China’s inventory market could roll back Friday’s profits

(RTTNews) – China’s inventory market wrote Friday the end of the two-day slide in which more than 25 points fell, or 0. 7 percent. south on Monday.

Global forecasts for Asian markets are weak due to continued pressure on generation stocks, such as economic recovery considerations. European and US markets fell on Friday and Asian markets are expected to hold their own.

The SCI closed sharply upwards friday following profits from monetary stocks, real estate stocks and insurance and oil companies.

During the day, the index rose 67. 65 issues or 2. 07% to 3,338. 09 after trading between 3,268. 53 and 3,338. 32. Shenzhen’s composite index rose 32. 92 emissions, or 1. 51%, to finish at 2,219. 91.

Wall Street’s advantage was negative, as stocks first showed a lack of direction on Friday, but fell under strain as the day progressed, prolonging recent losses.

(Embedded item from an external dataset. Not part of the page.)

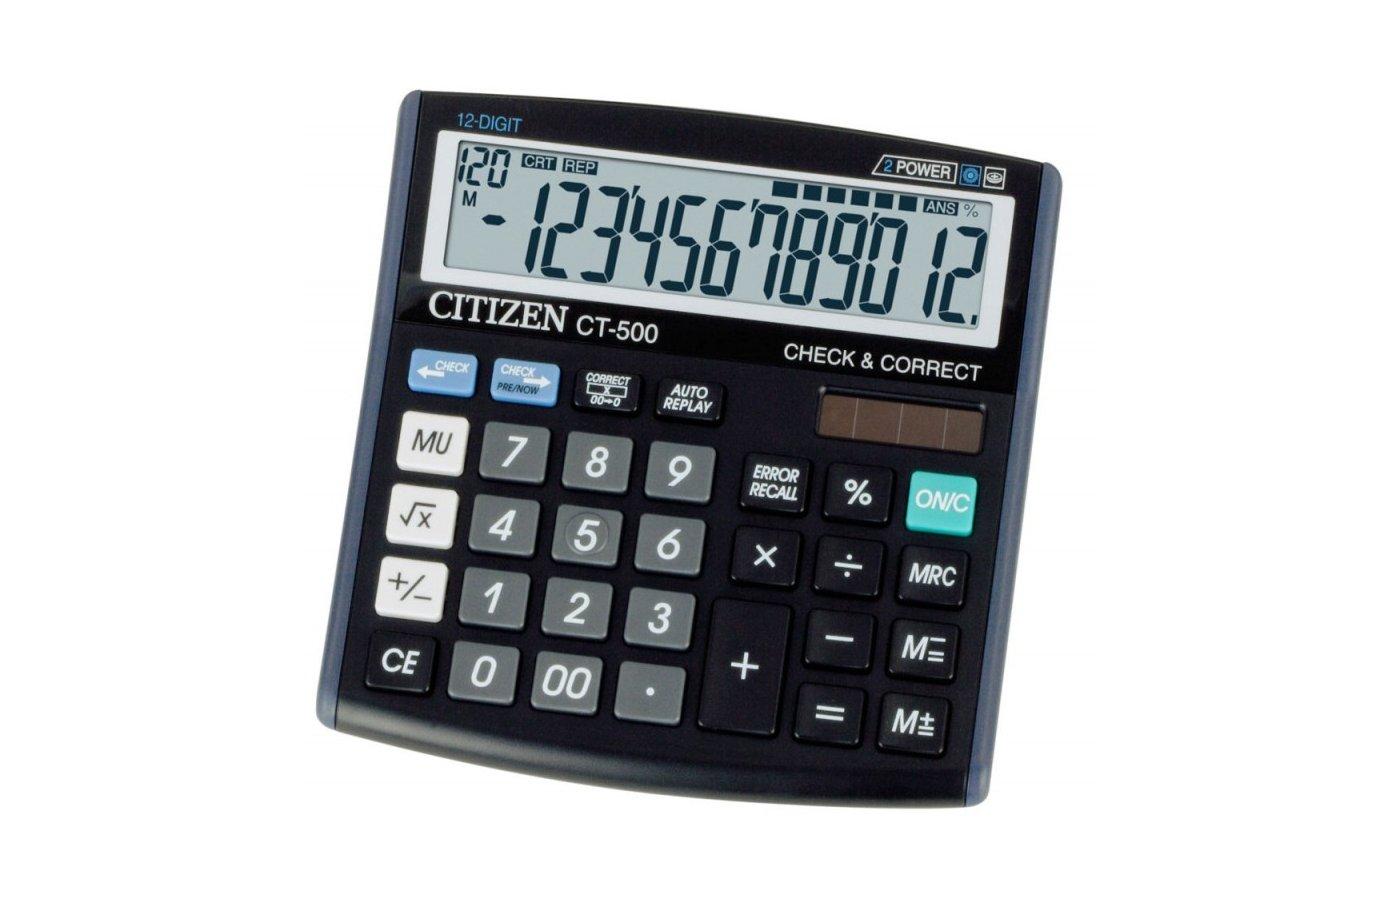 Калькулятор Citizen CT-500J 12 разрядов черный двойное питание проверка коррекция наценка
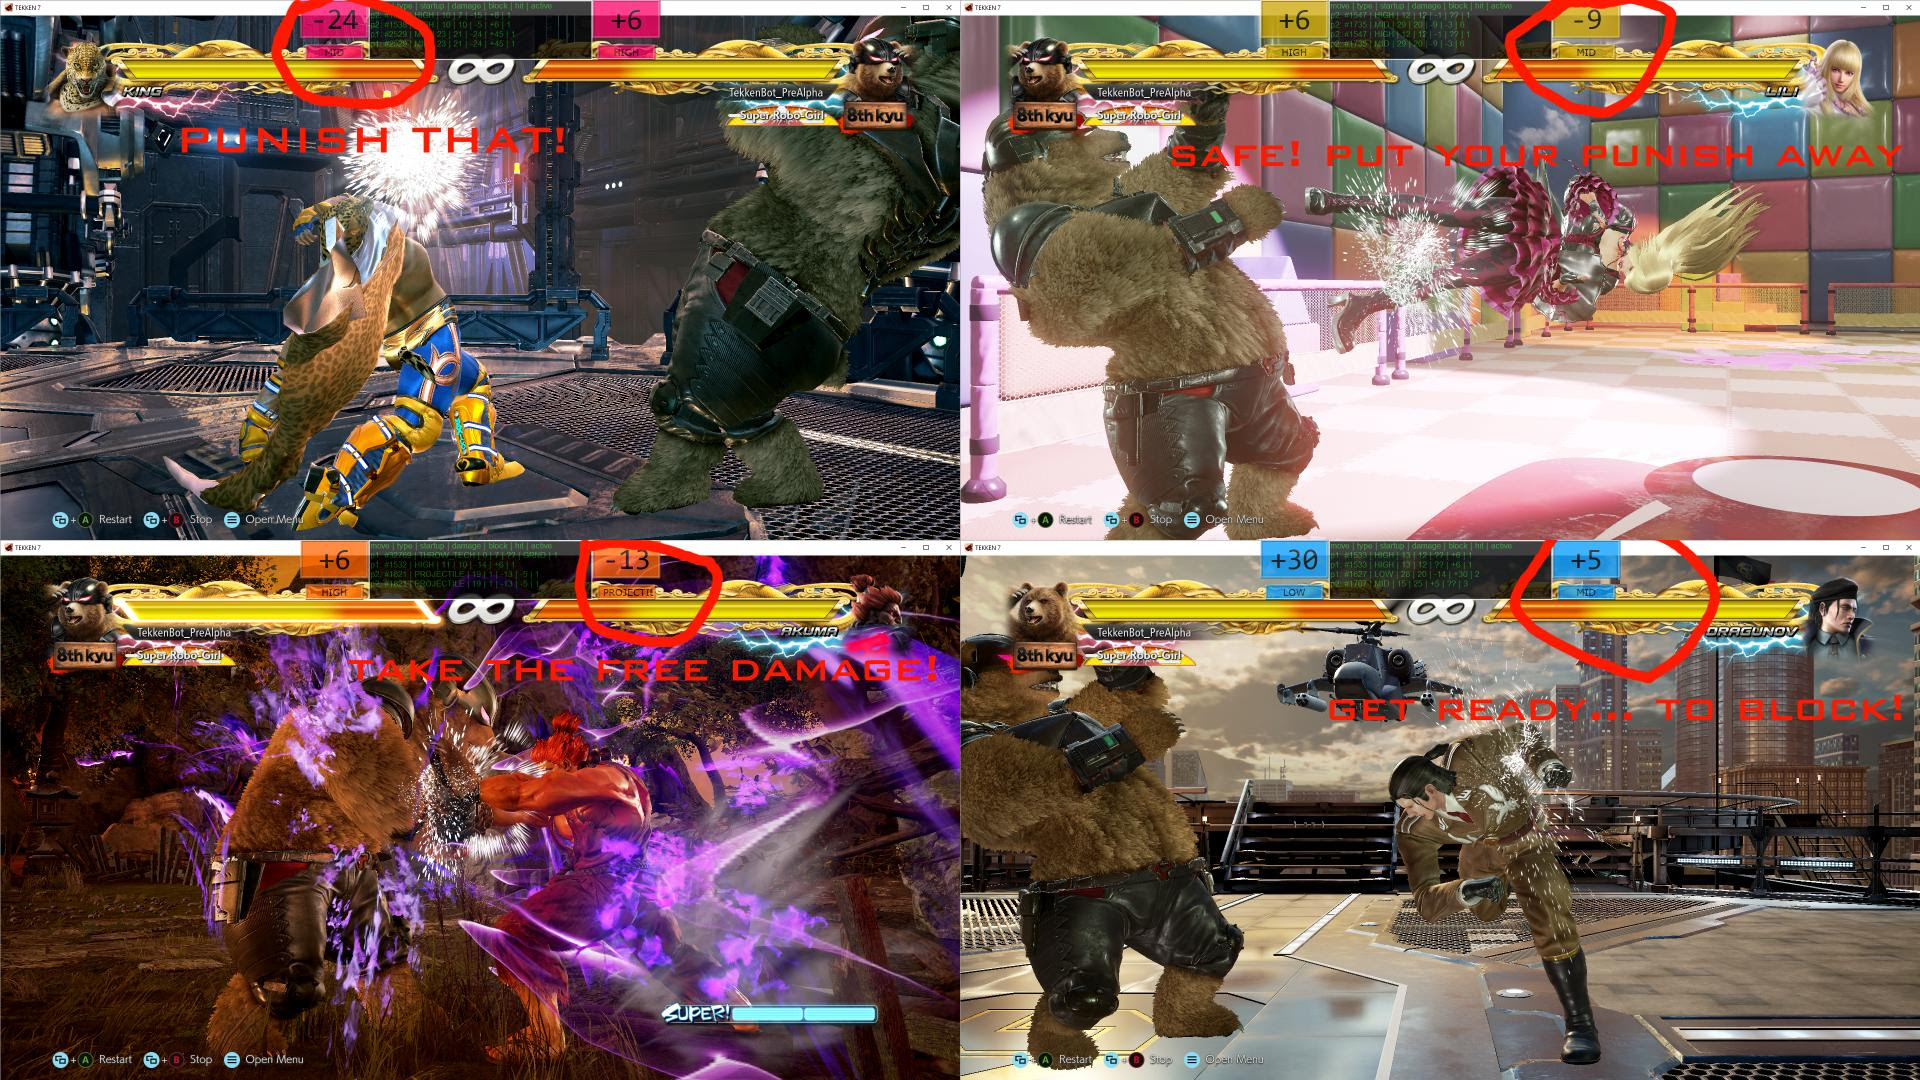 Tekken 7 Pc Tekkenbot Frame Data Overlay News Avoiding The Puddle

The Dow Jones trading average fell 244. 58 points, or 0. 88%, to close at 2. 7657. 42, while the NASDAQ skidded 117. 02 points, or 1. 07%, to finish in 10793. 28 and the

Wall Street’s weakness due to a continued drop in generation stocks, with generation giant Apple (AAPL) recording a significant drop. Large generation corporations such as Google Parent Alphabet (GOOGL), Amazon (AMZN) and Microsoft (MSFT) also recorded significant losses.

Traders also expressed fear about the economic outlook following the Fed’s latest financial policy announcement and economic assessment. Less than two months into the election, it seems unlikely that lawmakers will approve any other stimulus bills to help the economics of the coronavirus pandemic.

Crude oil futures stabilized upwards on Friday as costs rose after a sharp drop in U. S. crude oil inventories. But it’s not the first time And OPEC’s resolve to push for greater compliance with production cuts. Barrel.

Closer to home, China will provide information on the active rates of September later this morning; One-year loan rates are solid at 3. 85%, while five-year rates are expected to remain unchanged at 4. 65%.